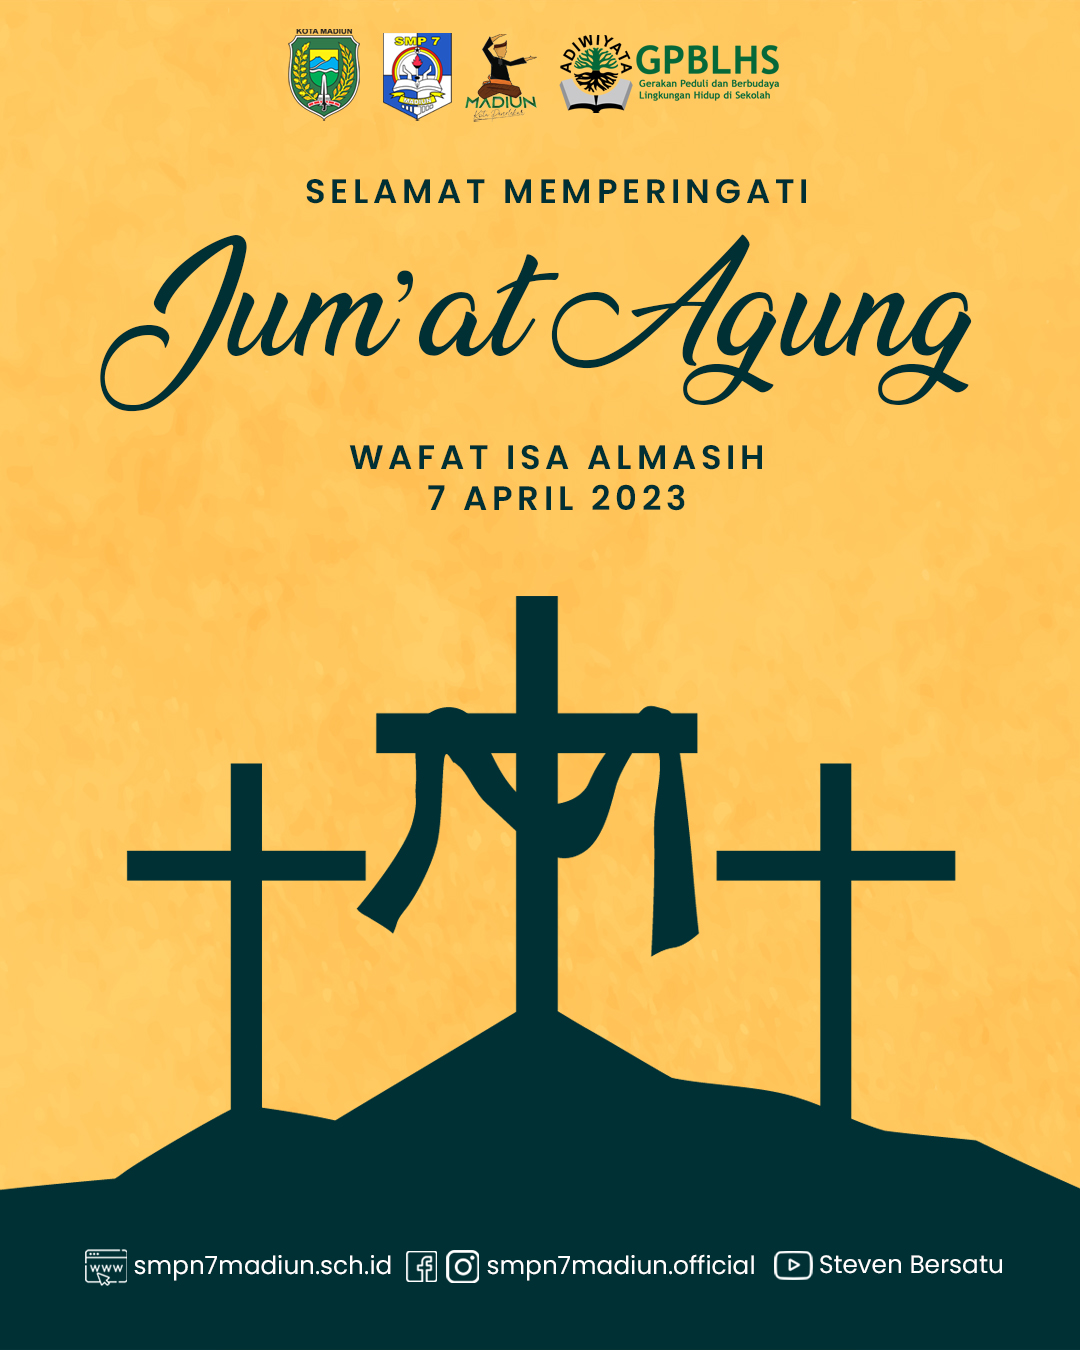 Memperingati Jum’at Agung (Wafat Isa Al Masih) 2023
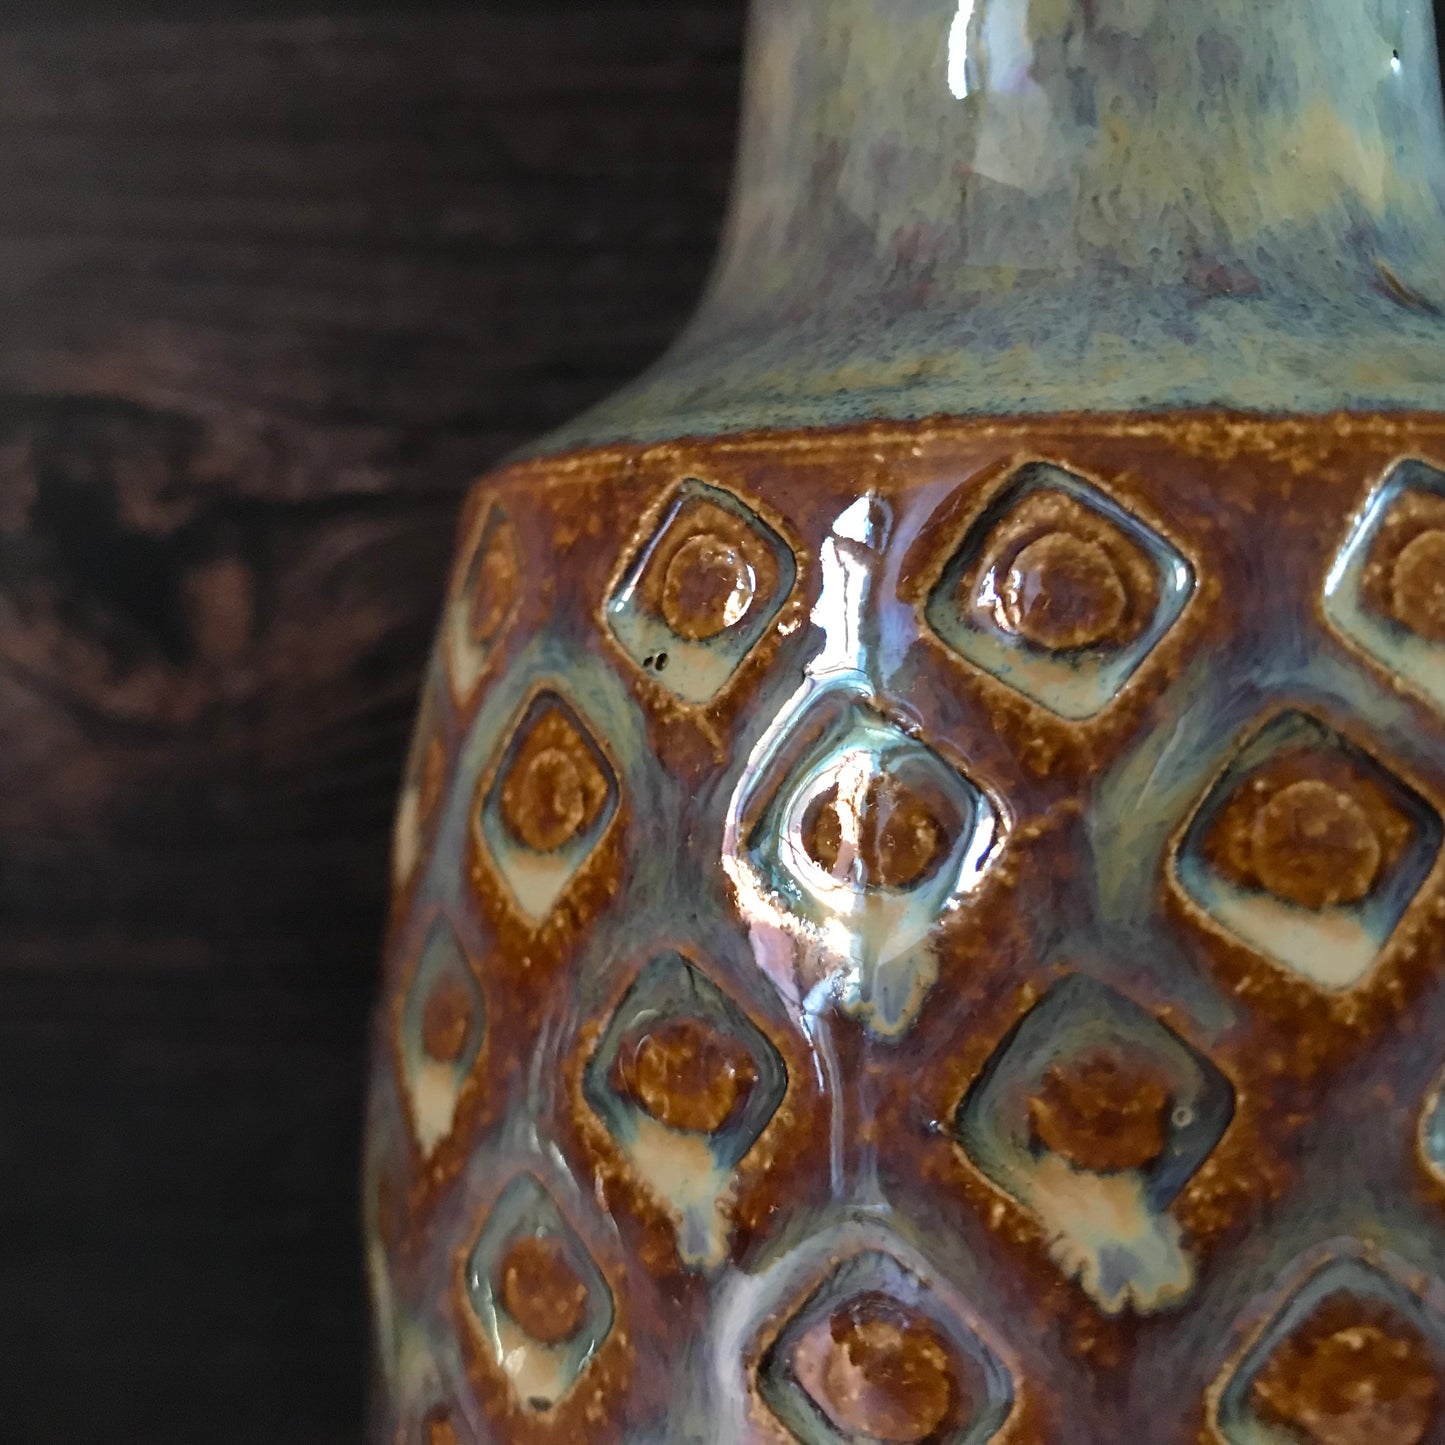 Soholm Pottery Danish Ceramic Table Lamp Pineapple Scandi Design 3001
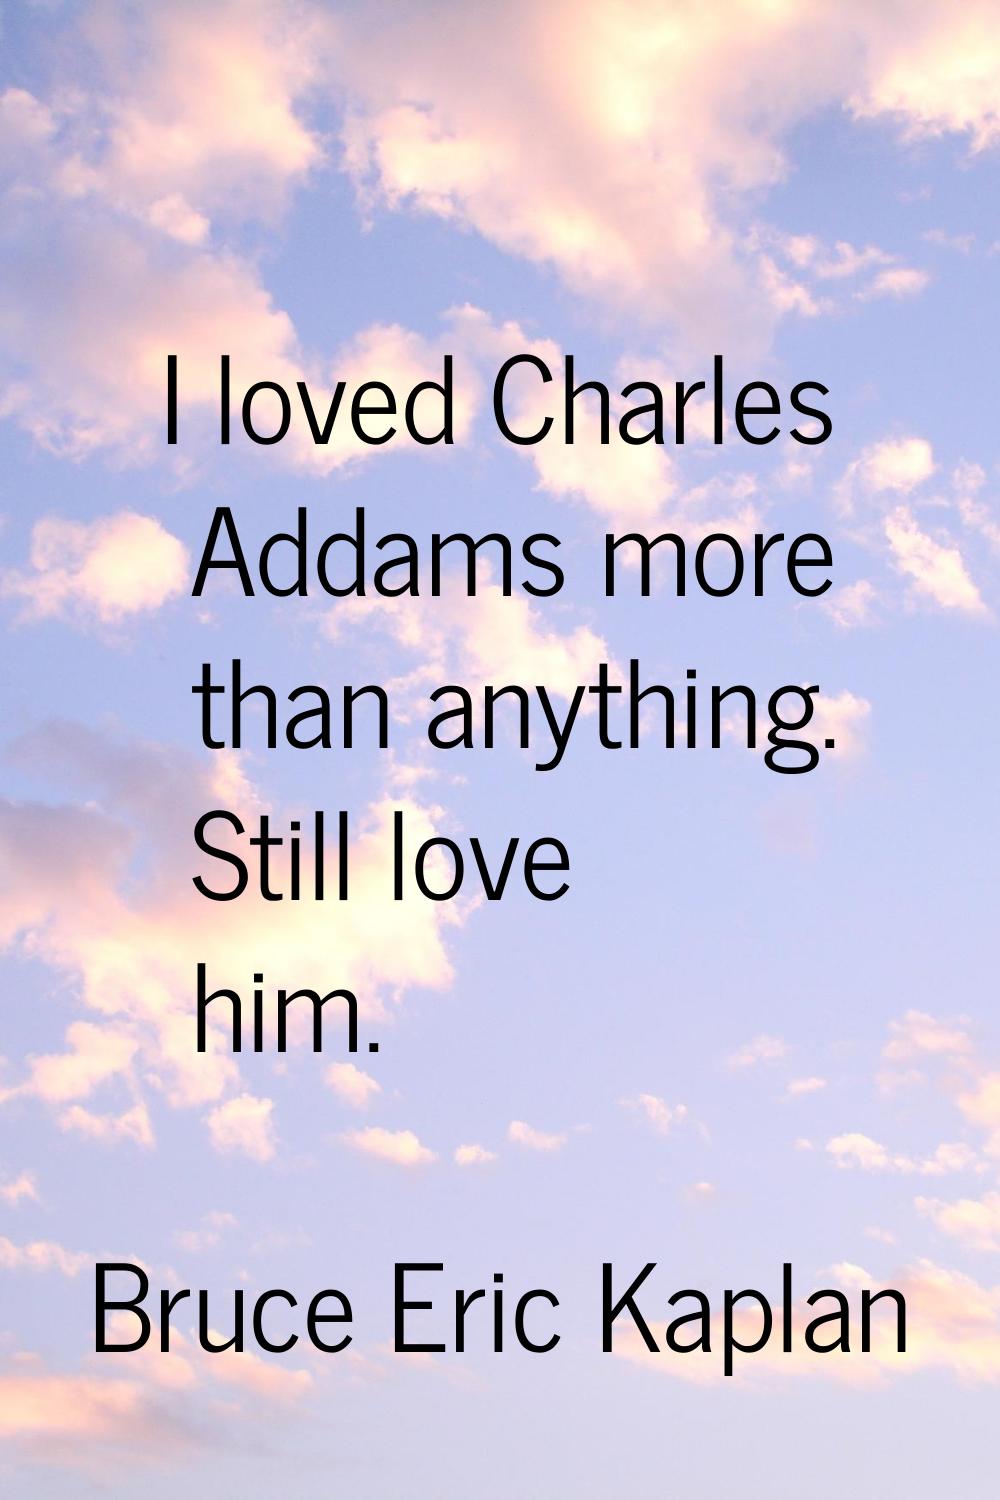 I loved Charles Addams more than anything. Still love him.

###

- _Exercise goal_
The copy should hold, exactly, the lines from the one containing "Soholm Pottery Danish" to the final line of the listing above, with both ends present and no pictures.

- _Output of the exercise_
 Soholm Pottery Danish Ceramic Table Lamp Pineapple Scandi Design 3001
 I loved Charles Addams more than anything. Still love him.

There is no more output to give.